What happened to all the talk of Kiwibank buying BNZ a few months ago? That looked like an obvious strategy to get a bonus new core banking system as a result and align (or move) their internal systems with BNZ?

That was due to a slow news day in the media. And any merger with BNZ would mean they'd be dealing with core systems already older (but more scalable) than what Kiwibank has now. Funnily enough, I understand they both have the same credit card core system and are actually both looking at doing a replacement for their primary core banking systems from the same vendor.

OK I had read that BNZ put a new core in around 2017 or at least there was a project to do so - assumed it had gone live by now...

Beware the ides of March.
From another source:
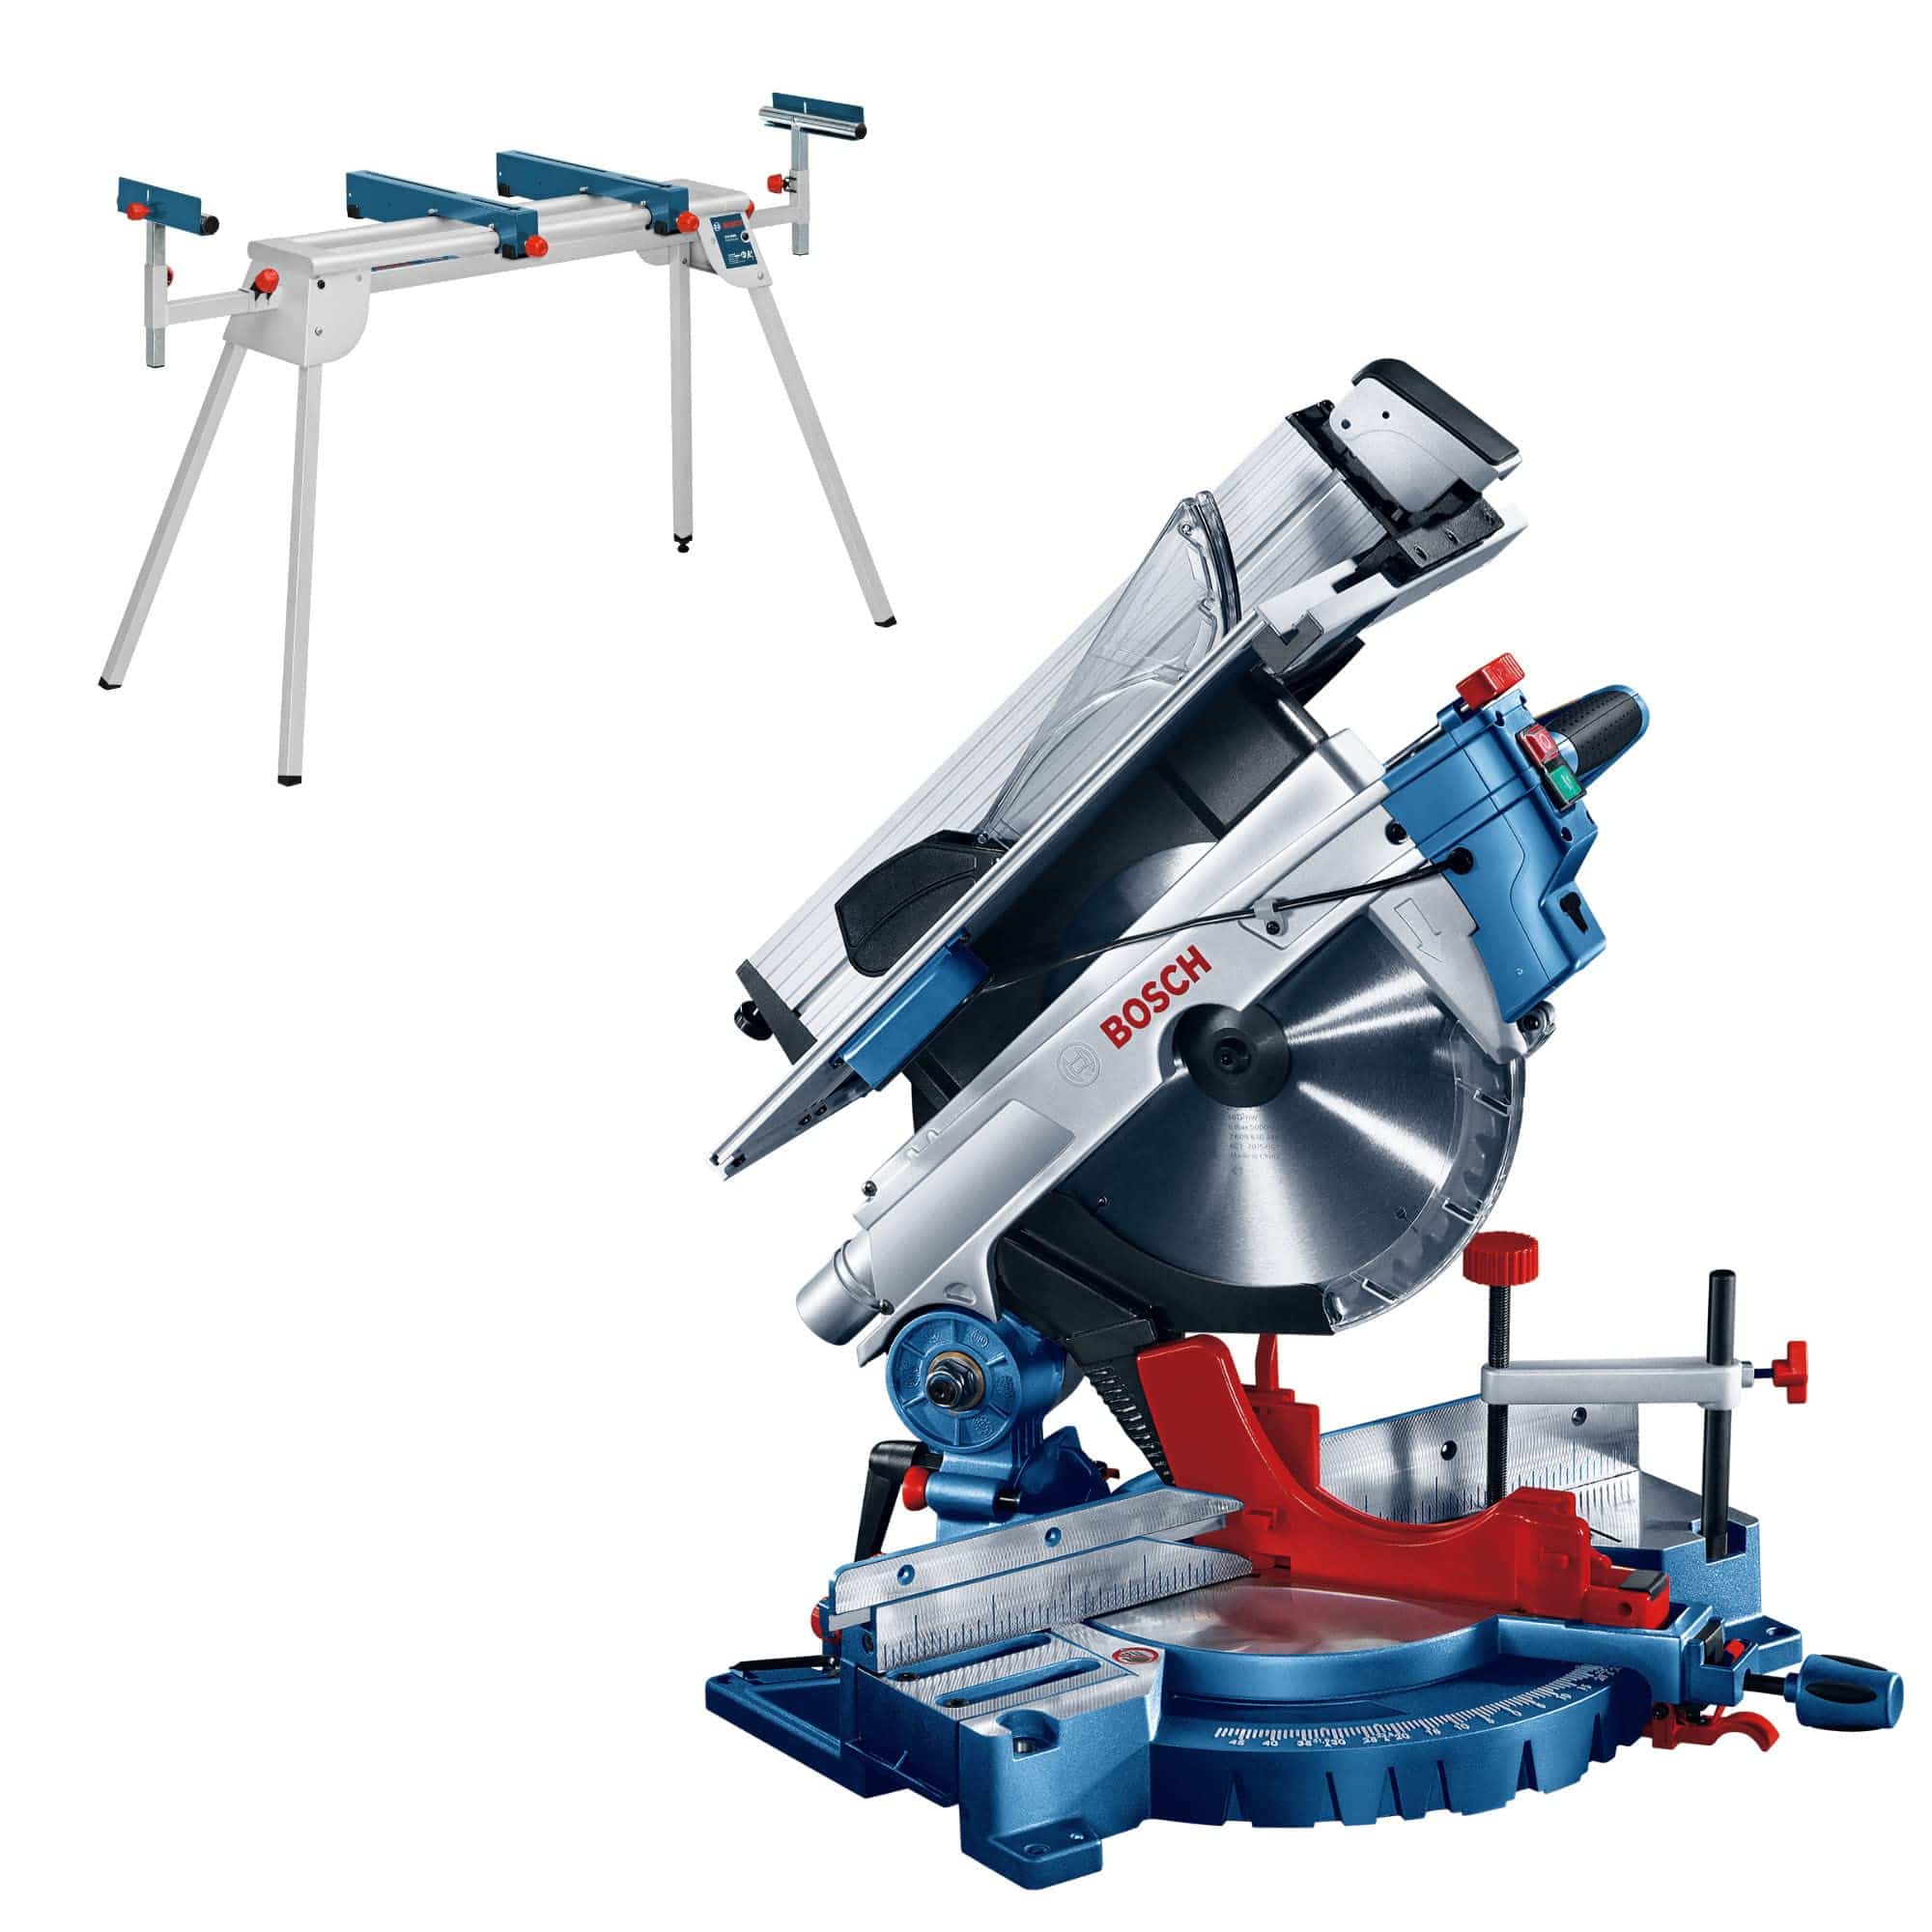 Experience versatility and precision with the Bosch Combo Mitre Saw 1800W (GTM 12 JL) at SupplyMaster.store in Ghana. Bench & Stationary Tool Buy Tools hardware Building materials

It was apparently notable for the Romans as a deadline for settling debts. Unfortunately those “out of the know” will probably have to wait until May (?) for analysis of the banks’ freshly minted collective provisions and expensing for non performing loans for the 6 months ending March. Knees together after that for June. In the meantime keep a close eye on actions of “those in the know” even if only for interest as a powerless observer.

Even if they can build it (benefit of the doubt) can any bank gain any real competitive advantage from a 'digital strategy'? The way to build competence is to start with a small budget transformation project and let it scale organically with the revenue it generates. If it doesn't work at the $Xm scale it certainly won't work at the $XXm or $XXXm scales.

I'm not sure about competitive advantage. They might nonetheless get results by replicating other bank's 'digital strategies', where the R&D dollars have already been spent and outcomes proven. Starting small and validating ideas before scaling up sounds good, but they may have fundamental tech deficits to address before any commercially viable projects can be taken to market.

It's a lot of investment if they can't quantify any return.

Yes. Above all, this is true.

I'll give thema digital strategy. Let your customers do their banking digitally instead of instore.

Oh wait they already did that a decade ago.

Kiwibanks online banking has been one of the best since it launched. Seriously what is there left to do?